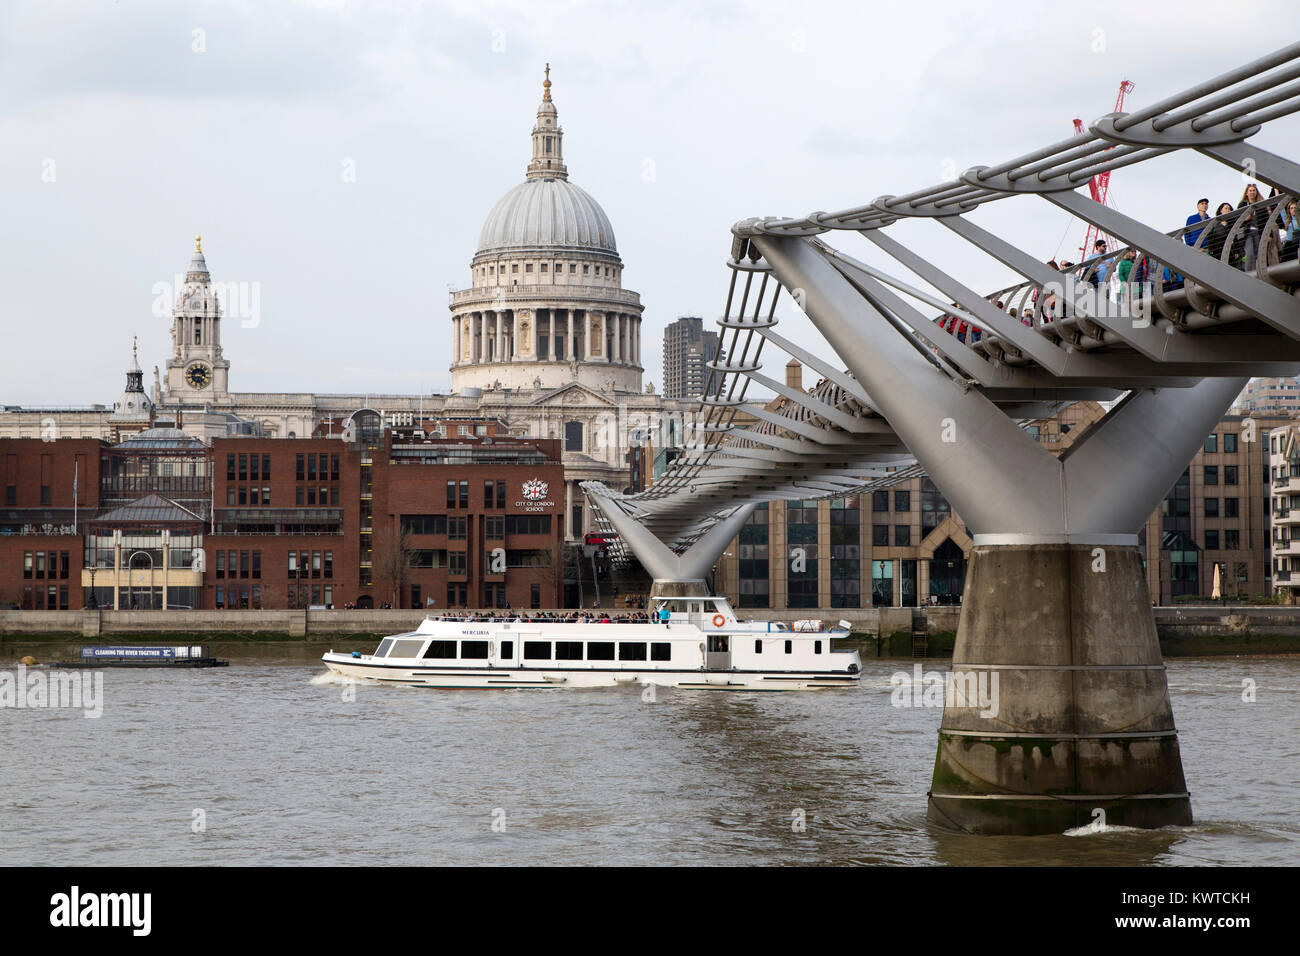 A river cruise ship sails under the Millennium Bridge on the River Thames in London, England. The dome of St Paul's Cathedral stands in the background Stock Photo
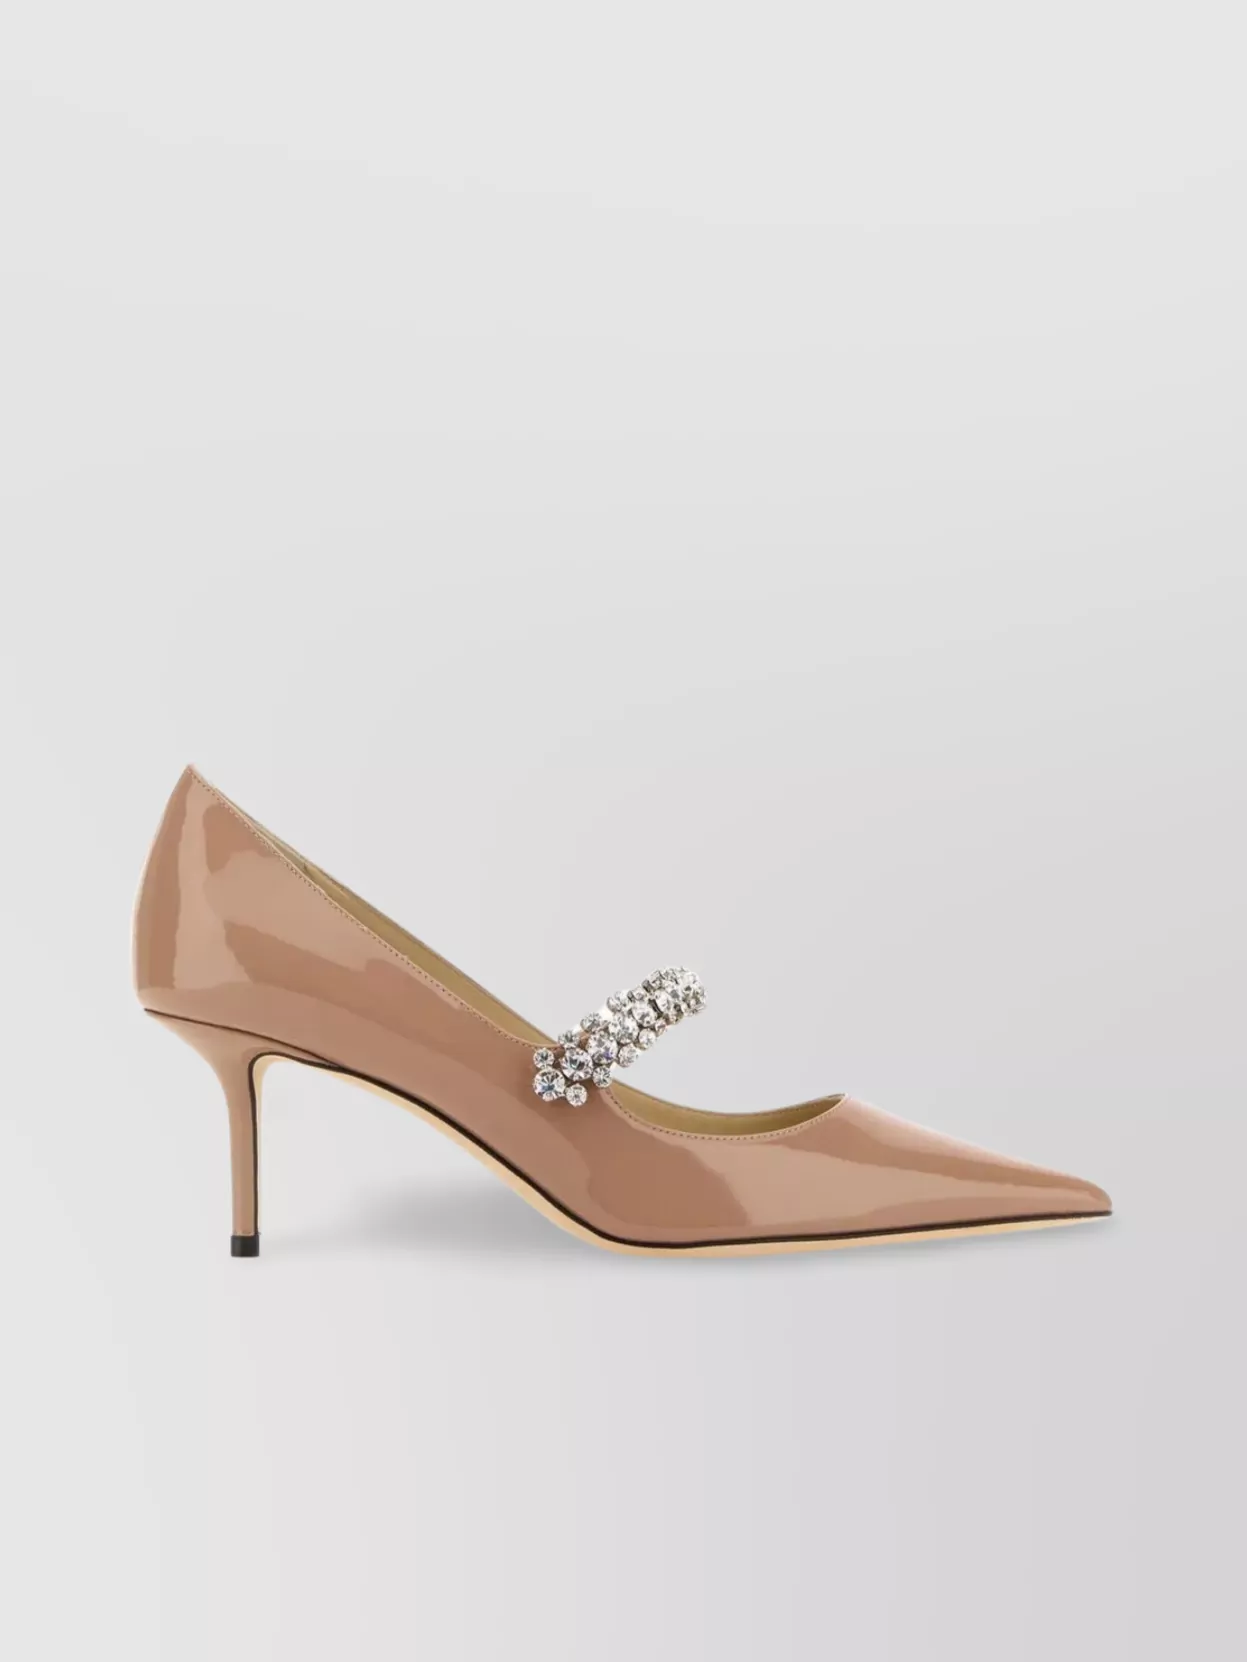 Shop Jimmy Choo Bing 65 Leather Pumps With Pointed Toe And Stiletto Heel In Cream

______

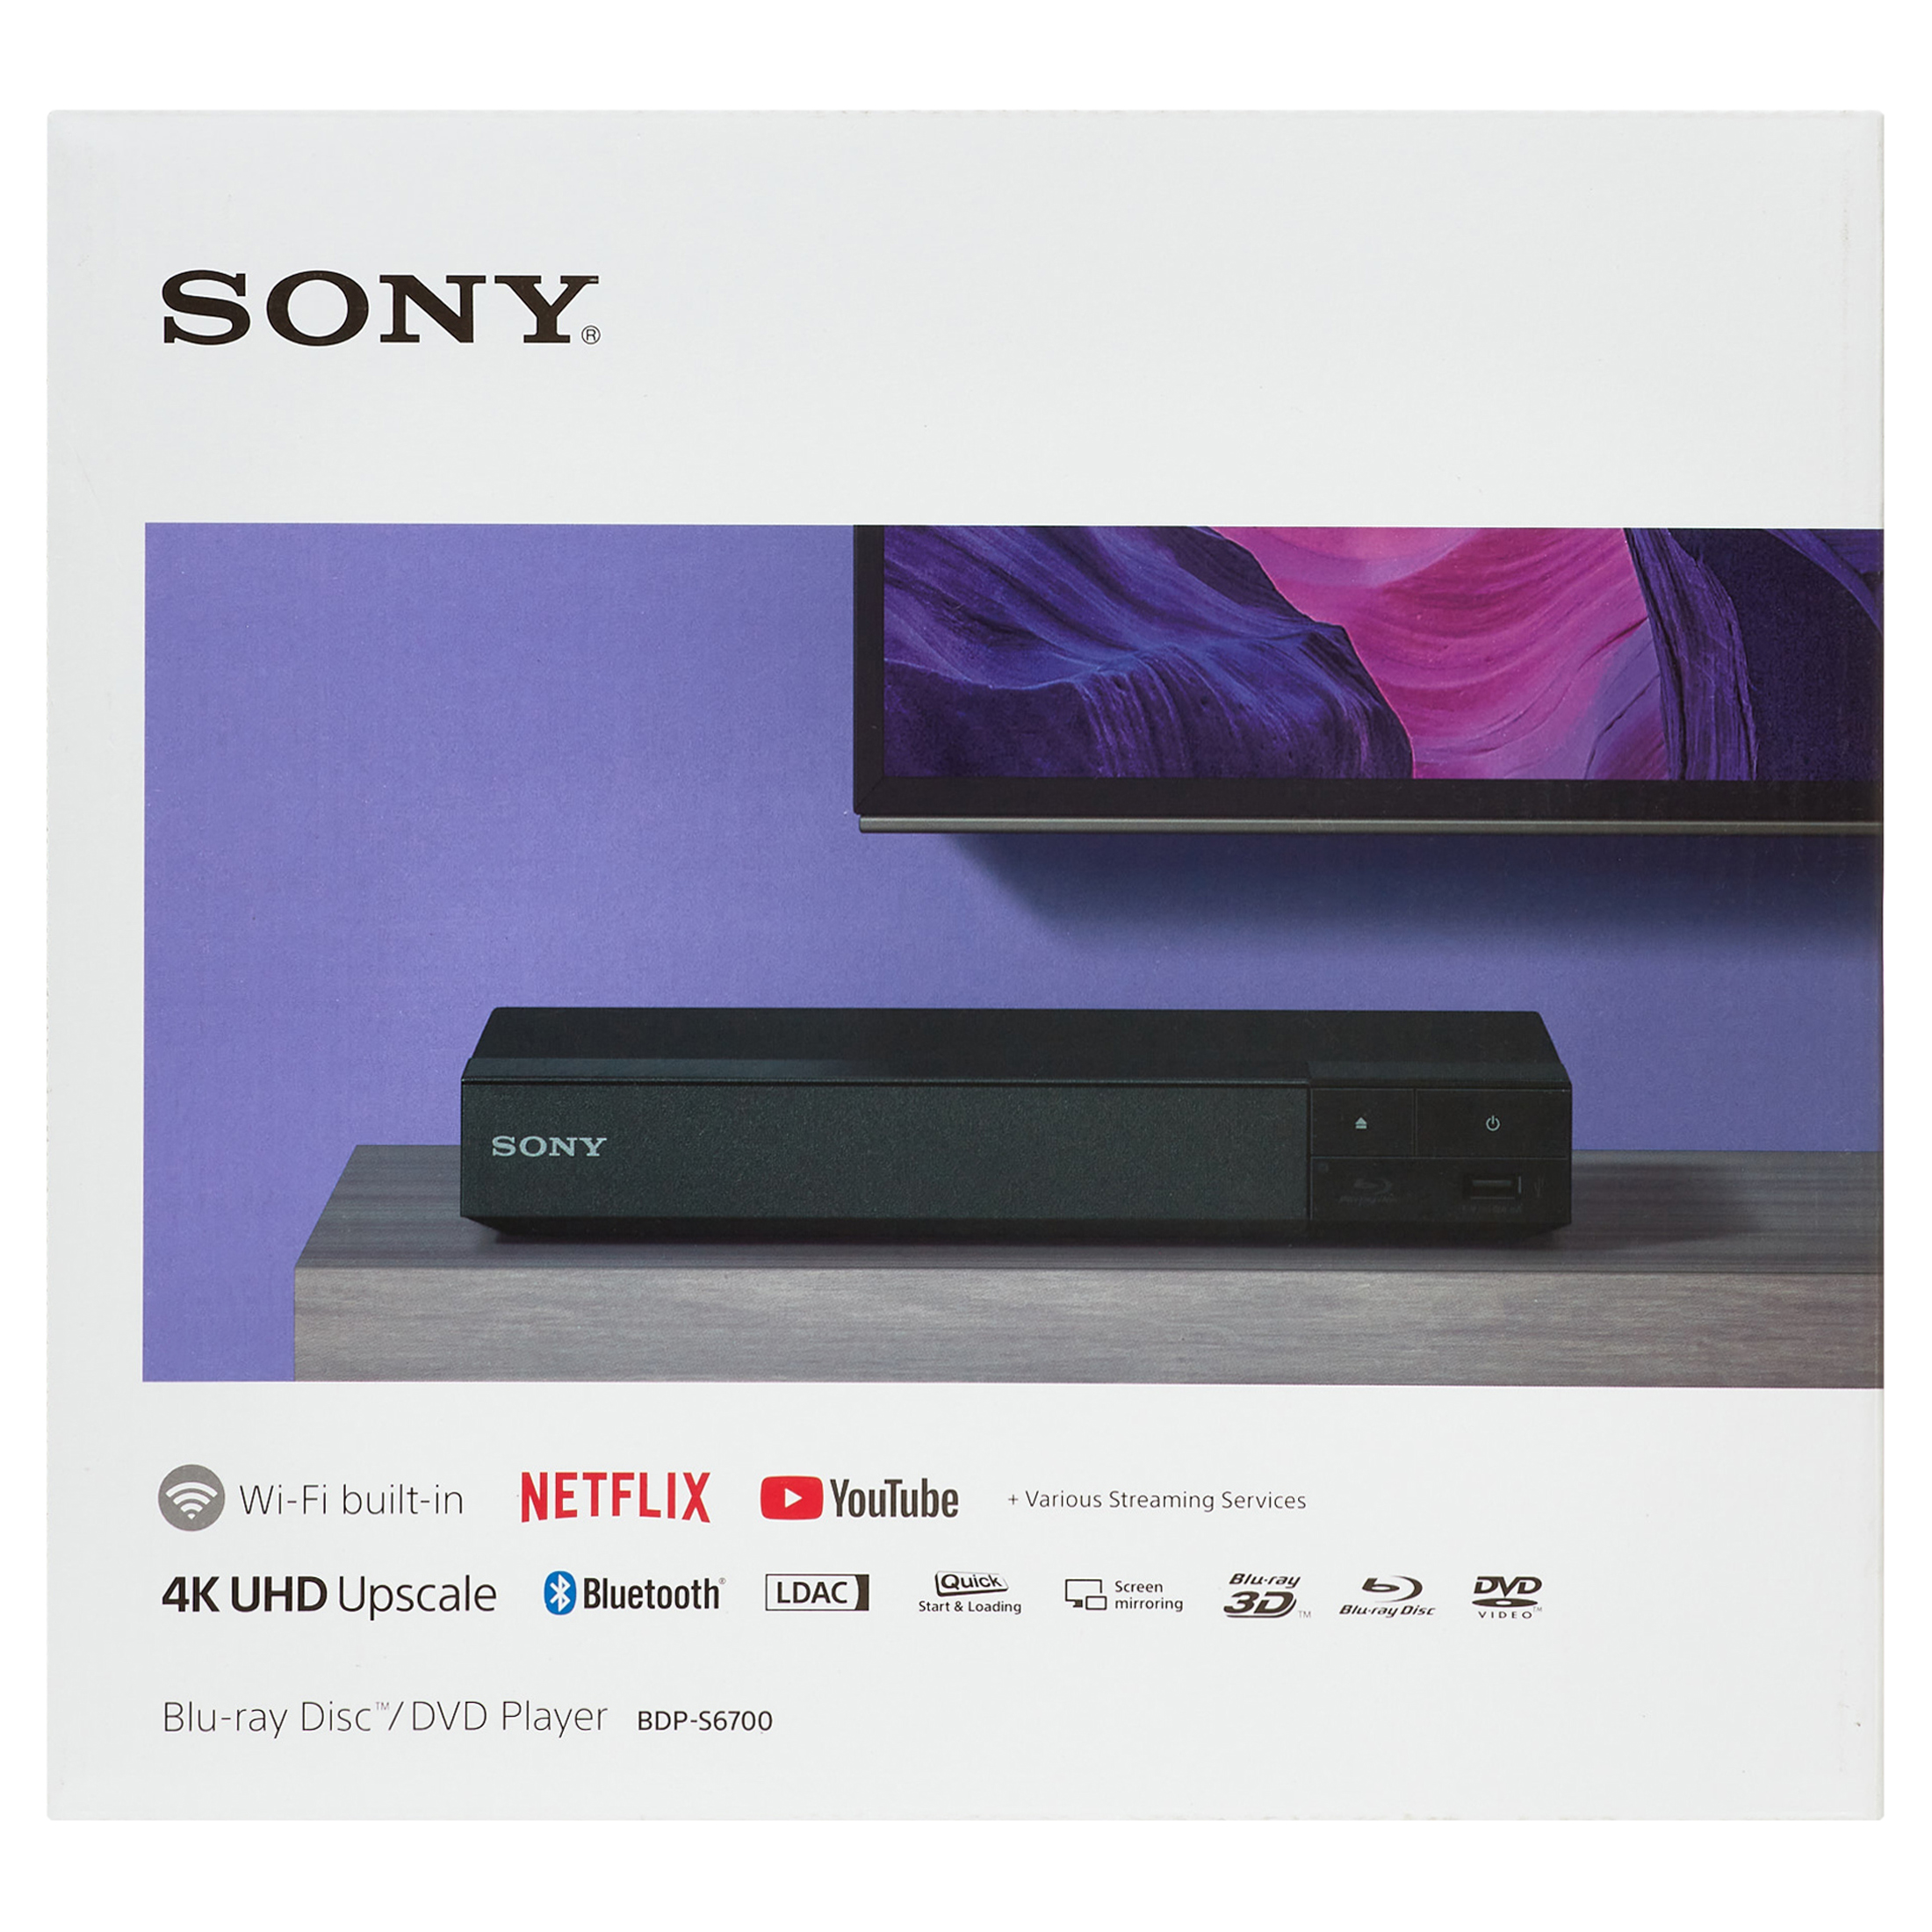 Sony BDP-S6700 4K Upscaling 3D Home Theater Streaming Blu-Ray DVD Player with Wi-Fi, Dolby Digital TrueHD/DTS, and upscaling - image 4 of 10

______

> **TASK PROMPT**:
What is needed is an exact copy of the lines above, from the one holding "A river cruise" down to the one holding "Shop Jimmy Choo", with those two included and the pictures left out.

> **EXERCISE ANSWER**:
 A river cruise ship sails under the Millennium Bridge on the River Thames in London, England. The dome of St Paul's Cathedral stands in the background Stock Photo
 Shop Jimmy Choo Bing 65 Leather Pumps With Pointed Toe And Stiletto Heel In Cream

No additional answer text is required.